## WHAT TO WORK ON
Any picture in the data below should be skipped, while every line is repeated exactly.

## DATA EXTRACT
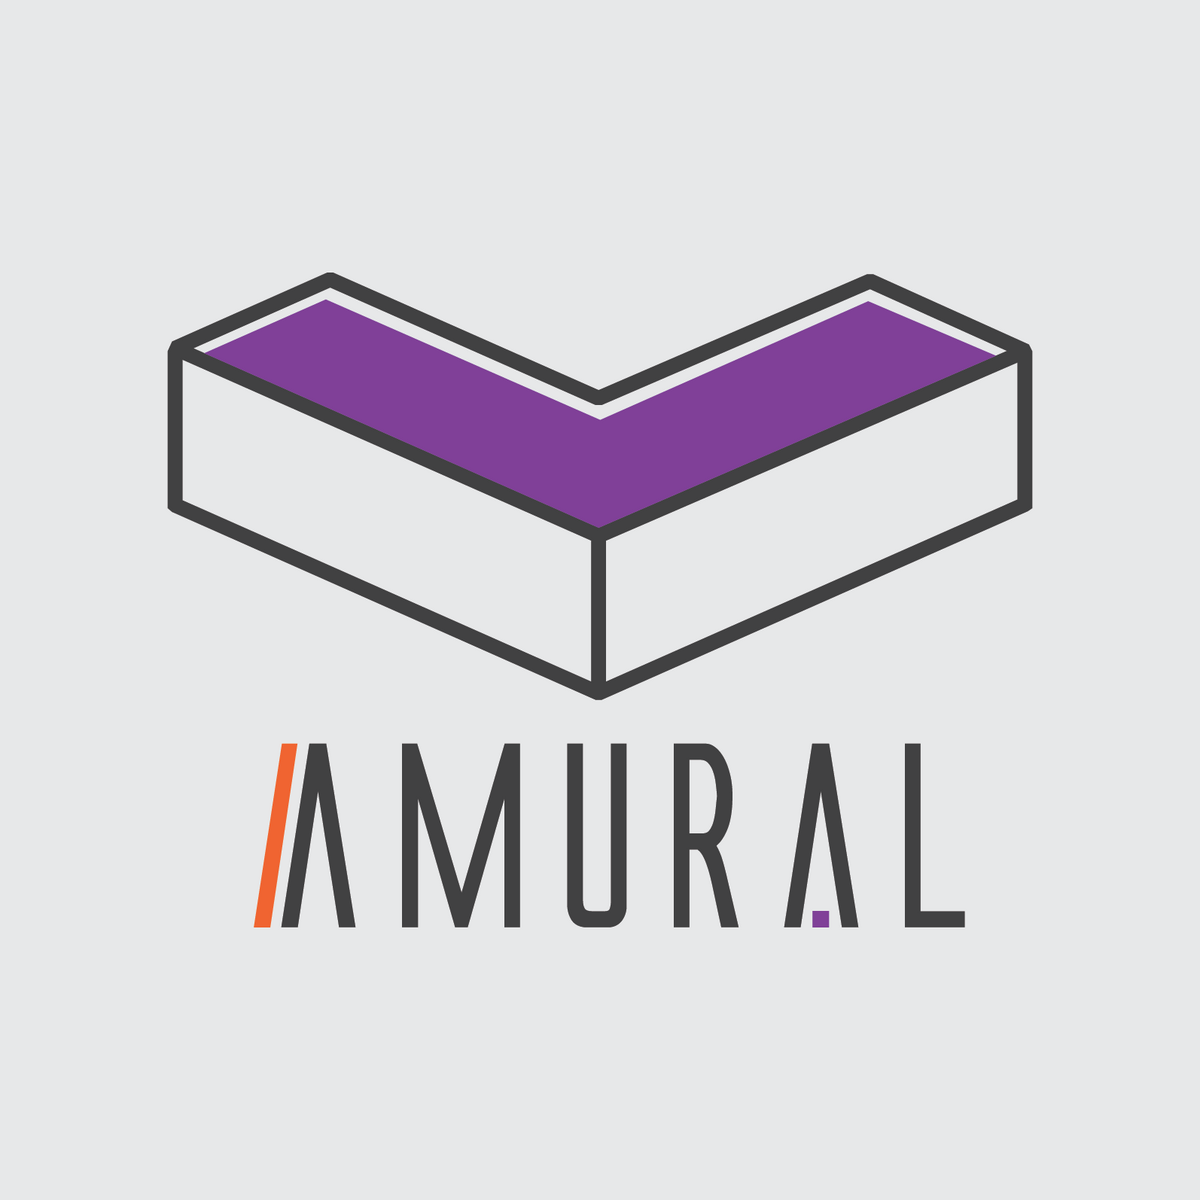 Asociația Amural
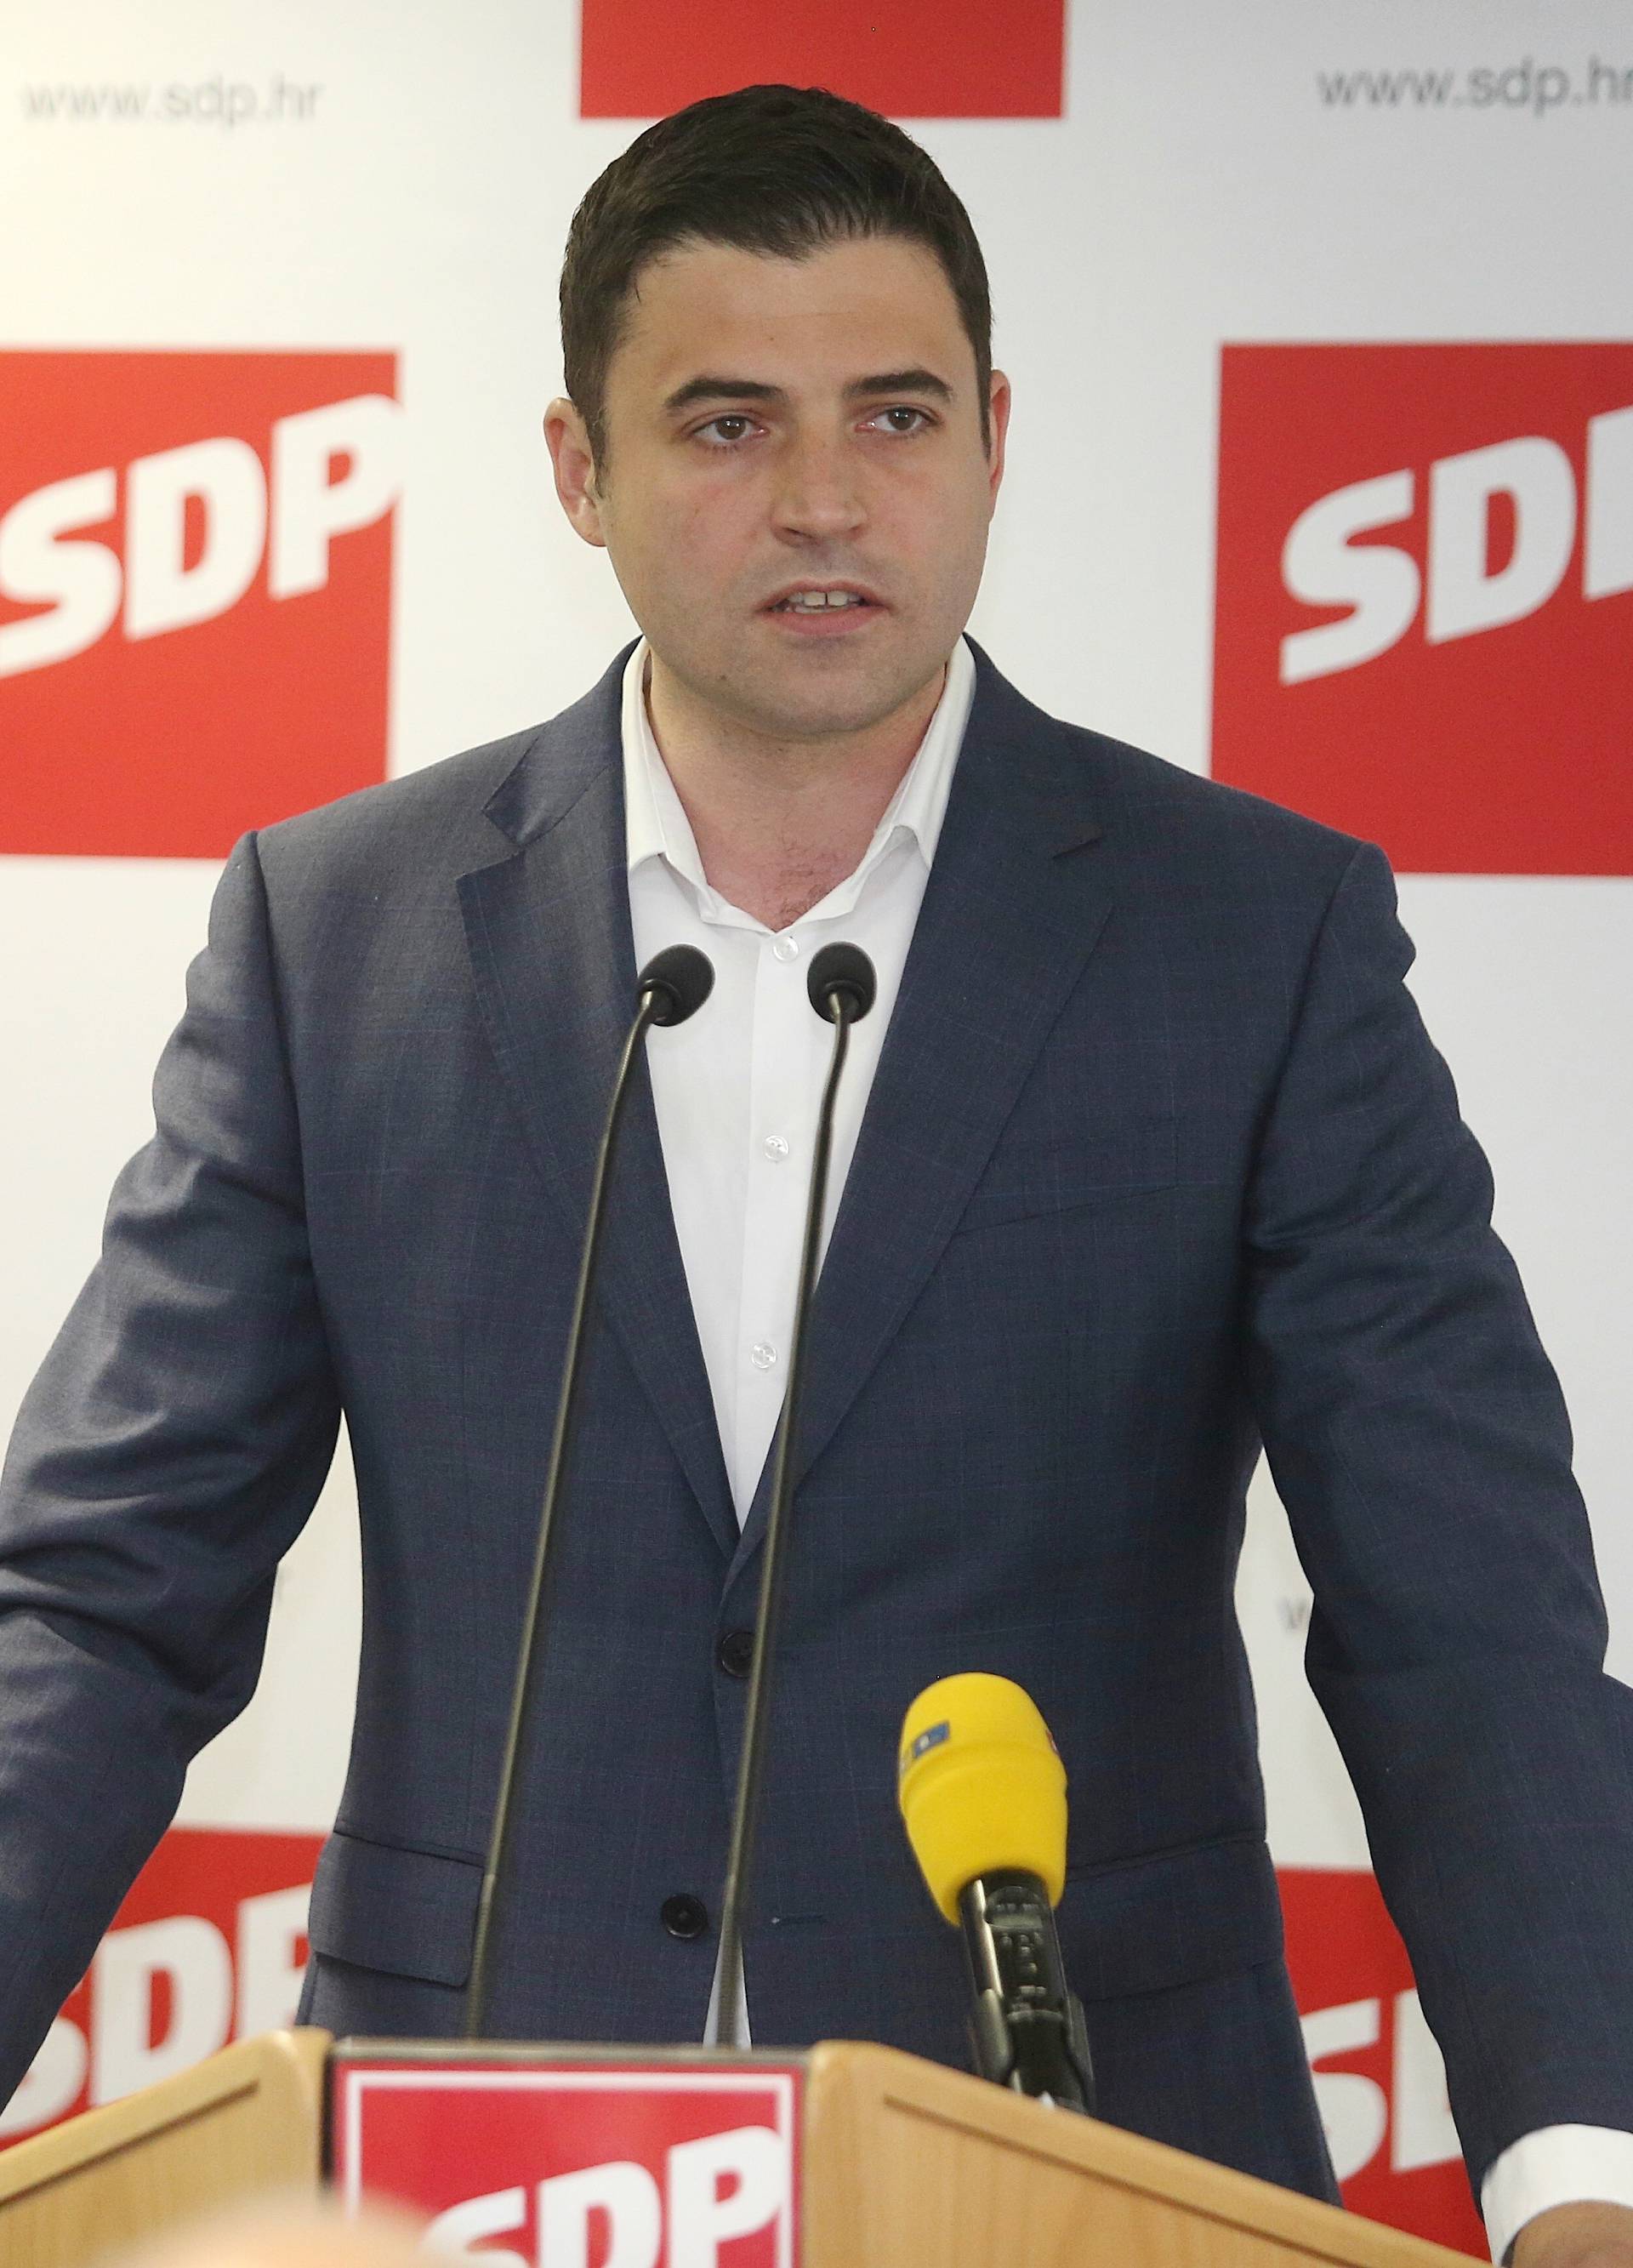 'U kaljuži političke trgovine je SDP dobra i pristojna stranka'
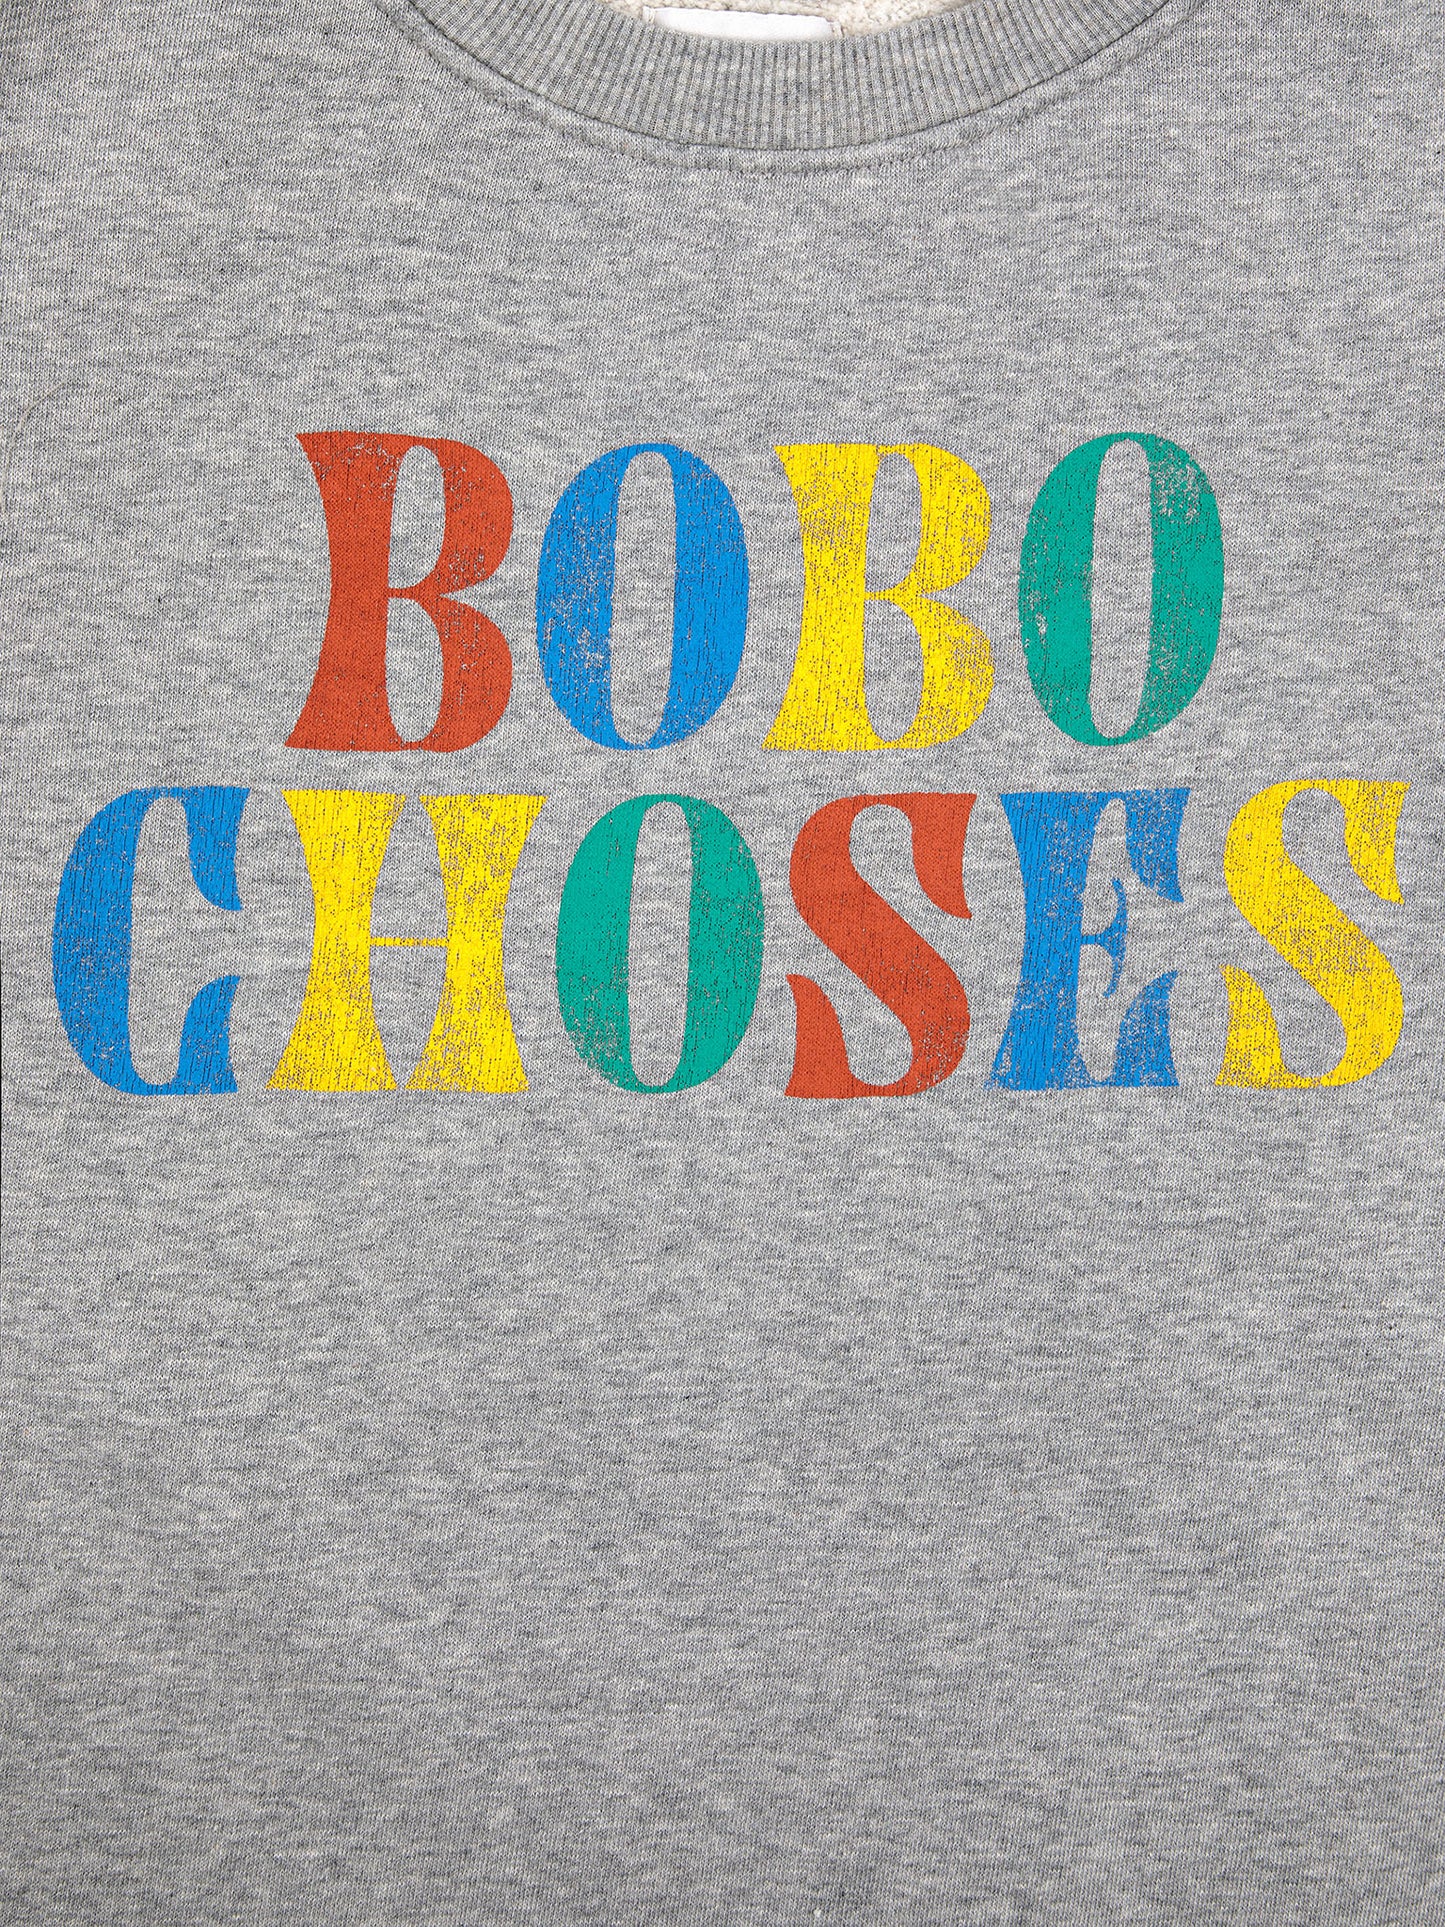 Vestido multicolor Bobo Choses

## RESPONSE FOR THIS EXERCISE
 Asociația Amural
 'U kaljuži političke trgovine je SDP dobra i pristojna stranka'
 Vestido multicolor Bobo Choses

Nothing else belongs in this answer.